The “opening” up of the television set-top is getting a lot of attention these days. The Federal Communications Commission has called for pay TV providers to “open” up TV set-top box standards so that consumers can buy devices directly from third-party manufacturers, and President Obama added his very public support last week.
While you never know how things play out in Washington, most observers think it’s very likely that third-party TV set-top boxes will be available to U.S. consumers in two to three years.
If this happens, there will certainly be a number of big consequences for viewers and TV companies alike.
Many TV viewers will save money. Americans pay $20 billion a year to rent their TV set-top boxes, even more than the $19+ billion they spent last year to buy new TVs. At a $200 rental fee per household per year, you can imagine a lot of people buying boxes that will have one-time costs in the range of what they pay to rent a box for a year or two, or even less.
Plus, those old boxes suck a lot of electricity. Subscription pay-TV boxes today draw approximately 5% of all electricity used in the home. Energy efficiency will certainly be a new competitive point on the boxes, since open standards will make it easier for more consumer electronic companies to create consolidated devices, with TV service integrated into gaming devices, playback devices or into the TV itself.
TV viewers will get better devices. Given the quality of devices we all get from our TV providers today, and the quality of devices we get from companies like Apple, Google, Amazon, TiVo, Samsung, Sony and LG today, this is pretty much a slam-dunk.
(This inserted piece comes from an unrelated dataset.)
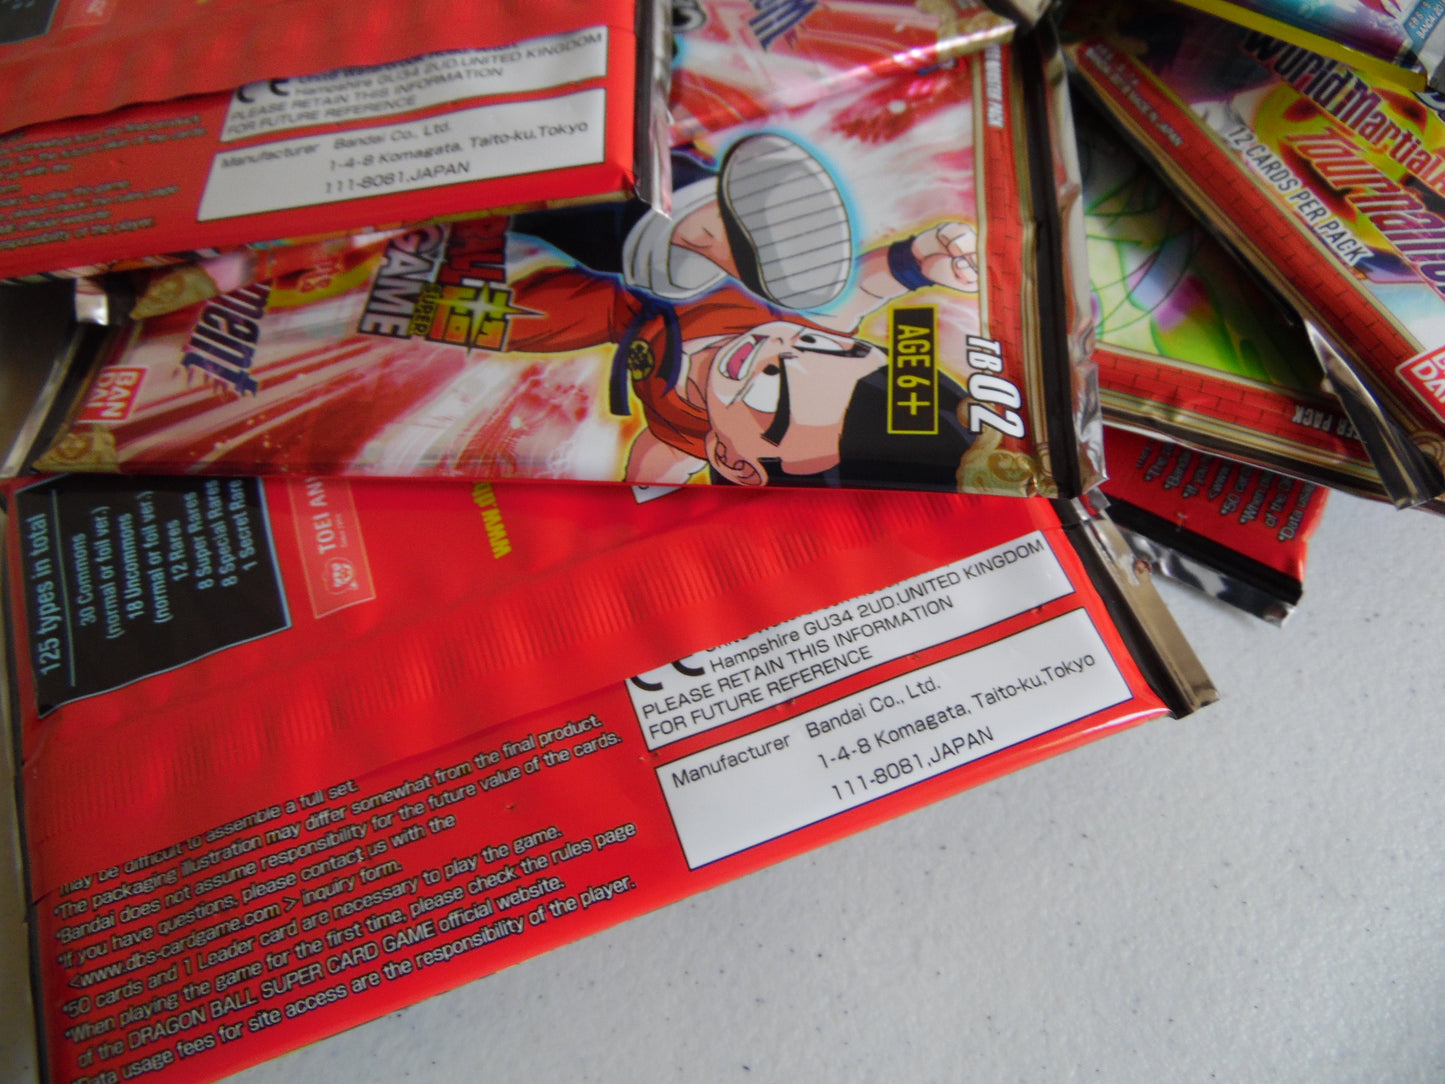 Dragon Ball Super Draft 03 Booster Card Game Sealed Individual Single Packs 12 Cards Per Packs

No matter what, devices will be prettier and will keep better time.
TV viewers will gain control. It would be hard for the pay TV interface to get any worse than it is today. Third-party boxes will certainly integrate multiple different video packages and digital, social and streaming feeds into the same user interface, probably with lots of cross-service features like Roku’s meta-search and Amazon Echo’s voice control and artificial intelligence.
Might a la carte pricing be an inevitable consequence? As my good friend and Xaxis chairman Dave Moore spoke about yesterday at the ICOM-Global Summit in Seville, Spain, an open TV set-top box is almost certain to bring a la carte channel buying options for consumers. This will have asymmetrical impacts on TV networks dependent on subscriber fees for much of their revenue — if data from recent experiments with “skinny” bundles continues to hold true.
Will it break the TV ad bundle, bringing both chaos and opportunity to TV companies? Today, the TV ad business and the ways you can buy TV ads bundle are pretty simple. It’s all about shows, demos, days, day-parts, CPMs and bundles.
You can buy nationally. You can buy locally (sometimes at the local-cable ad-zone level). And now, you can even buy a smattering of addressable ads on some operator footprints.
However, once you bring in millions and millions of new, cloud-connected set-top boxes, the ad bundle of today will be broken, and simplicity will be out the window.
For sure, we will see a massive introduction of new and different ways to package and sell TV ad inventory. We will have much more measurement and many more insertion points – national programmers will now be able to sell locally, for example. Over-the-top and video-on-demand and linear and digital video will now be much easier to sell together (though nothing will be easy).
How will you do? Without question, we will see many of the digital ad models tested on TV. Some will make it. Some won’t. For sure, it won’t be simple. TV buyers and sellers who have been testing automation and data-provisioned TV ad targeting and measurement today will likely fare much better than those who haven’t. What do you think? Which will you be?